Этот долгий роздых, который они имели под стенами города, им не нравился. Андрий сидел долго возле обоза своего, тогда как уже все спали, кроме некоторых, стоявших на стороже. Ночь, июньская прекрасная ночь, с бесчисленными звездами, обнимала опустошенную землю. Вся окрестность представляла величественное зрелище: вблизи и вдали были видны зарева горевших деревень. В одном месте пламя спокойно и величественно стлалось по небу; в другом месте оно, встретив что-то горючее, вдруг вырвавшись вихрем, свистело и летело вверх под самые звезды, и оторванные охлопья его гаснули под самыми дальними небесами. В одном месте обгорелый черный монастырь, как суровый картезианский монах, стоял грозно, выказывая при каждом отблеске мрачное свое величие. В другом месте горело новое здание, потопленное в садах. Деревья шипели и покрывались дымом; иногда сквозь них просвечивалась лава огня, и гроздия груш, обвесивших ветви, принимали цвет червонного золота, даже видны были издали сливы, получившие фосфорический, лилово-огненный цвет; и среди этого иногда чернело висевшее на стене здания тело бедного жида или монаха, погибавшее вместе с строением в огне. Над ним вились вдали птицы, казавшиеся кучею темных мелких крапинок, в виде едва заметных крестиков на огненном поле. Среди тишины одни только спутанные кони производили шум, и звонкое их ржание отдавалось с раскатами, несколько раз повторявшимися дребезжащим эхом.

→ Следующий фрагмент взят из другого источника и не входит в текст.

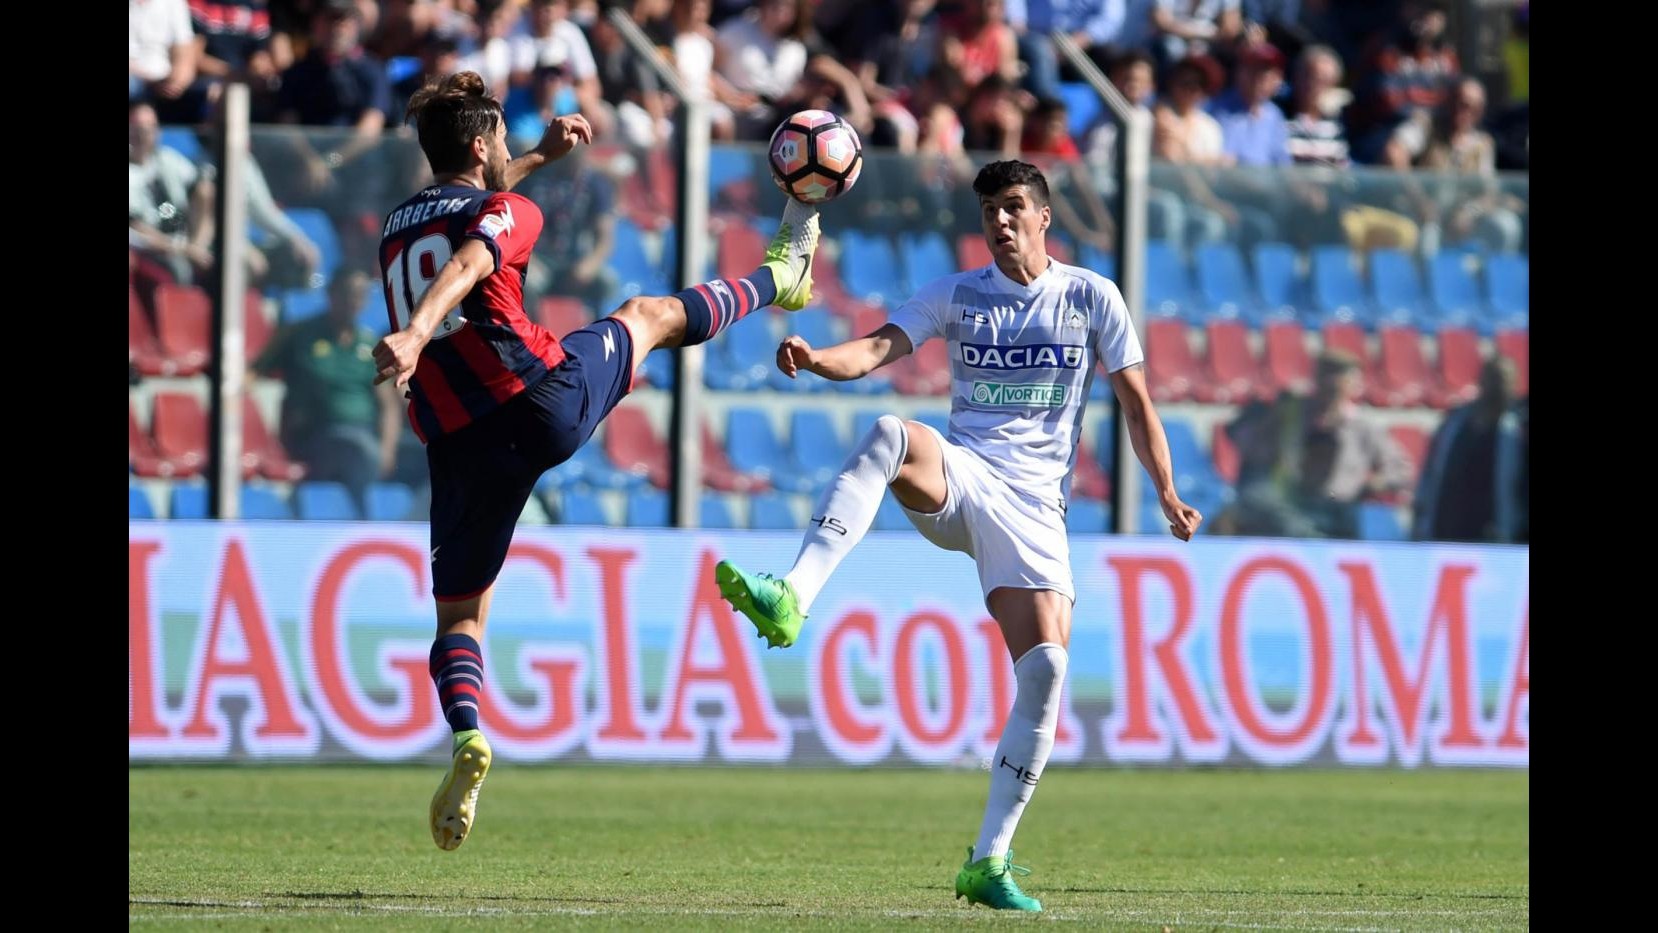 FOTO Serie A, Crotone batte Udinese 1-0: decide Rohden

Он глядел безмолвно на эту страшную и чудную картину и вдруг почувствовал как будто присутствие чего-то; ему казалось, как будто возле него кто-то стоял. Он оглянулся и в самом деле увидел стоявшую подле себя женщину. Смуглые черты лица ее и азиатская физиогномия показались ему как-то знакомыми. Он стал глядеть пристальнее: так! это была татарка! та самая татарка, которая служила горничною при дочери ковенского воеводы. Он встрепенулся. Сердце сильным ударом стукнуло в его мощную грудь, и всё минувшее, что было во глубине, что было закрыто, заглушено, подавлено настоящим вольным бытом, всё это всплыло разом на поверхность, потопивши в свою очередь настоящее; вся гордая сила юности зажглась вдруг самым томительным приливом беспокойства нестерпимого и страстного. Вопросы потоком излились из его груди: «Откуда? как? где твоя панна? как ты явилась здесь? что это значит? Говори, не мучь меня!»
«Тише, ради бога, тише!» говорила татарка, и закуталась в козацкий кобеняк, который было сбросила с себя. «Панна узнала вас между запорожцами. Она в городе.»
«Милосердый Иисус! она здесь? что ты говоришь? она в городе?»
Татарка кивнула утвердительно головою.
«Что ж она? говори, говори! Что ж ты молчишь?»
«Она другой день уже ничего не ела.»
«Как!»
«Ни у одного из жителей в городе нет куска хлеба. Все давно уже едят одну землю.»
«Спаситель Иисус! И вы до сих пор не сделали ни одной вылазки?»
«Нельзя. Запорожцы кругом облегли стены. Один только потаенный ход и есть; но на том самом месте стоят ваши обозы, и если только узнают этот ход, то город уже взят. Панна приказала мне всё объявить вам, потому что вы не захотите изменить ей.»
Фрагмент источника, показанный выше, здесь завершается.